Stored entries:

————————

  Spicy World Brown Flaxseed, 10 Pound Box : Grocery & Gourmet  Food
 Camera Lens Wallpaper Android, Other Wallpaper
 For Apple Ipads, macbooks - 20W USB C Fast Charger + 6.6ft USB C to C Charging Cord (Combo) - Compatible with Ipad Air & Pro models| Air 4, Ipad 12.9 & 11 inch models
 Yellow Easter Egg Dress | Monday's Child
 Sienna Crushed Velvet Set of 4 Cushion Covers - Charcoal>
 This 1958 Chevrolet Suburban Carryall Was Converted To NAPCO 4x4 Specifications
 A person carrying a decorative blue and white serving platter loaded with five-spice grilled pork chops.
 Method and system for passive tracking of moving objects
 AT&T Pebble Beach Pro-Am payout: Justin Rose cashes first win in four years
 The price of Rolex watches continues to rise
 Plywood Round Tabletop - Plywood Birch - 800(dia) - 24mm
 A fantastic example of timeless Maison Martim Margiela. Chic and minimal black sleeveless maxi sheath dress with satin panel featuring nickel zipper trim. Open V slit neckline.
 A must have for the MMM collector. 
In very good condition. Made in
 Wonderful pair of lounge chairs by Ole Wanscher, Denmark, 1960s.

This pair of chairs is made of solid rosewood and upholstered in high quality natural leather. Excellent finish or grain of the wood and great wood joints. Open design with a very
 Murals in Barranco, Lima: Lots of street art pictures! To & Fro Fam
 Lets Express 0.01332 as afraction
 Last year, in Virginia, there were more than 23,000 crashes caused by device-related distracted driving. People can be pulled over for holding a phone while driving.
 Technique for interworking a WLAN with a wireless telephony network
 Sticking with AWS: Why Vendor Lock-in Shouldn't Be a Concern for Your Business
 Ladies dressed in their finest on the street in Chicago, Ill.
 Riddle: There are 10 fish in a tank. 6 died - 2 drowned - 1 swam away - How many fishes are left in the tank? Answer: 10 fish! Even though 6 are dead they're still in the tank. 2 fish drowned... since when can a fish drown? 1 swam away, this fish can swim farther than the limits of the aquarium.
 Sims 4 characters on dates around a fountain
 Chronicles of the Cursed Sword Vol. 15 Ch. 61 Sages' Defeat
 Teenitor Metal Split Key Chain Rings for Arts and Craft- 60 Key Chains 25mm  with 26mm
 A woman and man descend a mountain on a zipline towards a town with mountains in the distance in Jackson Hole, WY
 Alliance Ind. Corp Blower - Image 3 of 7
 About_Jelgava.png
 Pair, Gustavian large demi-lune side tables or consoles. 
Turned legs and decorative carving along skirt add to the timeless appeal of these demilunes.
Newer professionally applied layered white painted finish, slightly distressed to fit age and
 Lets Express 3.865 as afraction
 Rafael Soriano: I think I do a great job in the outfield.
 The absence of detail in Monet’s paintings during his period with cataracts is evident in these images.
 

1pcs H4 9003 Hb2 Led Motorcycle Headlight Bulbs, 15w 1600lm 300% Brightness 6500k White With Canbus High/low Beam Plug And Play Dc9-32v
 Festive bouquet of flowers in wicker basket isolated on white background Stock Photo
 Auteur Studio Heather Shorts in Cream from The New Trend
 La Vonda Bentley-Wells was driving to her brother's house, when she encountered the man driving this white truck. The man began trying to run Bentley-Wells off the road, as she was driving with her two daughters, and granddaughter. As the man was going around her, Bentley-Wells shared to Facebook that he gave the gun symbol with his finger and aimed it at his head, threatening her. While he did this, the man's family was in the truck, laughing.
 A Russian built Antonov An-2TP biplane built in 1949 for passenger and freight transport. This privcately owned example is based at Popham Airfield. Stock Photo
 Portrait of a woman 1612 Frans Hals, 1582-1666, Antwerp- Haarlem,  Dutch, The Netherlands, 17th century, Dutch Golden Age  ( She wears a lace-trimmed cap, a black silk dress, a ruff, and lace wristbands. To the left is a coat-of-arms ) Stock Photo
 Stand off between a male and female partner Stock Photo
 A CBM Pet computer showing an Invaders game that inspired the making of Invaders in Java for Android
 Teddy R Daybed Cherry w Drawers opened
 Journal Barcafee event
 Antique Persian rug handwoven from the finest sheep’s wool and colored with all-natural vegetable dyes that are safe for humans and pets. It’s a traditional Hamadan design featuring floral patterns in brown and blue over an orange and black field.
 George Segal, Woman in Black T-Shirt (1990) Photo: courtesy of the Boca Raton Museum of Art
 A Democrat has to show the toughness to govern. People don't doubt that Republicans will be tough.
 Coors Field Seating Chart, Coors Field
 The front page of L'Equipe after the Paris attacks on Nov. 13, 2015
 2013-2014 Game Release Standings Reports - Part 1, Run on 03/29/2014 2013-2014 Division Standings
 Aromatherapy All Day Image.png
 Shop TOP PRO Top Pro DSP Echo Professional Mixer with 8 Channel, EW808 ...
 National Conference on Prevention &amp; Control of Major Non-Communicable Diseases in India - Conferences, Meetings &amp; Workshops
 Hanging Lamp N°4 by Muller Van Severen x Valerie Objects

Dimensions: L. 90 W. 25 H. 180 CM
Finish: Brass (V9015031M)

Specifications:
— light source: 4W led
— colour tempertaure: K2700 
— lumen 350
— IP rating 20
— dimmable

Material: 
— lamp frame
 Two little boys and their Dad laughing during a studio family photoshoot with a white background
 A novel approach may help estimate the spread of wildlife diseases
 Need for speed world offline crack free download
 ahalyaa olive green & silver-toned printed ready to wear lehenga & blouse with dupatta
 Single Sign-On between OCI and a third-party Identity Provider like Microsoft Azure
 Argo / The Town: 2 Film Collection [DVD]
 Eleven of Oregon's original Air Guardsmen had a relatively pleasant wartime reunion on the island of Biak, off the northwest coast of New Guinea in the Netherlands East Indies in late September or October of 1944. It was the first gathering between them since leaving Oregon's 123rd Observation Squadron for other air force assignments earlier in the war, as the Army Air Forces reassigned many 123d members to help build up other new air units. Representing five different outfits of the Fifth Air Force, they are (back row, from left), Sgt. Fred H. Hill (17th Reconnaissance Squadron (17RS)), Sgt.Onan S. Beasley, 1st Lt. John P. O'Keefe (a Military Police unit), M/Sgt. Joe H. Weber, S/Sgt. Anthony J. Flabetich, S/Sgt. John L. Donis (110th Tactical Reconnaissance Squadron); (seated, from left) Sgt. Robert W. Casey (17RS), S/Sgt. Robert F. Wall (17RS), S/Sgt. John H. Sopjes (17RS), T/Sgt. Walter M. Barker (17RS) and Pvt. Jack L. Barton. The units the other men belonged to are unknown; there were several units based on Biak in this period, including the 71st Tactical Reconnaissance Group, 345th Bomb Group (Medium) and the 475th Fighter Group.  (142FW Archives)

————————

§ **Required work**:
Output exactly the lines of the records from the first through the one bearing "Sticking with AWS: Why", both ends included.

§ **Task answer**:
  Spicy World Brown Flaxseed, 10 Pound Box : Grocery & Gourmet  Food
 Camera Lens Wallpaper Android, Other Wallpaper
 For Apple Ipads, macbooks - 20W USB C Fast Charger + 6.6ft USB C to C Charging Cord (Combo) - Compatible with Ipad Air & Pro models| Air 4, Ipad 12.9 & 11 inch models
 Yellow Easter Egg Dress | Monday's Child
 Sienna Crushed Velvet Set of 4 Cushion Covers - Charcoal>
 This 1958 Chevrolet Suburban Carryall Was Converted To NAPCO 4x4 Specifications
 A person carrying a decorative blue and white serving platter loaded with five-spice grilled pork chops.
 Method and system for passive tracking of moving objects
 AT&T Pebble Beach Pro-Am payout: Justin Rose cashes first win in four years
 The price of Rolex watches continues to rise
 Plywood Round Tabletop - Plywood Birch - 800(dia) - 24mm
 A fantastic example of timeless Maison Martim Margiela. Chic and minimal black sleeveless maxi sheath dress with satin panel featuring nickel zipper trim. Open V slit neckline.
 A must have for the MMM collector. 
In very good condition. Made in
 Wonderful pair of lounge chairs by Ole Wanscher, Denmark, 1960s.

This pair of chairs is made of solid rosewood and upholstered in high quality natural leather. Excellent finish or grain of the wood and great wood joints. Open design with a very
 Murals in Barranco, Lima: Lots of street art pictures! To & Fro Fam
 Lets Express 0.01332 as afraction
 Last year, in Virginia, there were more than 23,000 crashes caused by device-related distracted driving. People can be pulled over for holding a phone while driving.
 Technique for interworking a WLAN with a wireless telephony network
 Sticking with AWS: Why Vendor Lock-in Shouldn't Be a Concern for Your Business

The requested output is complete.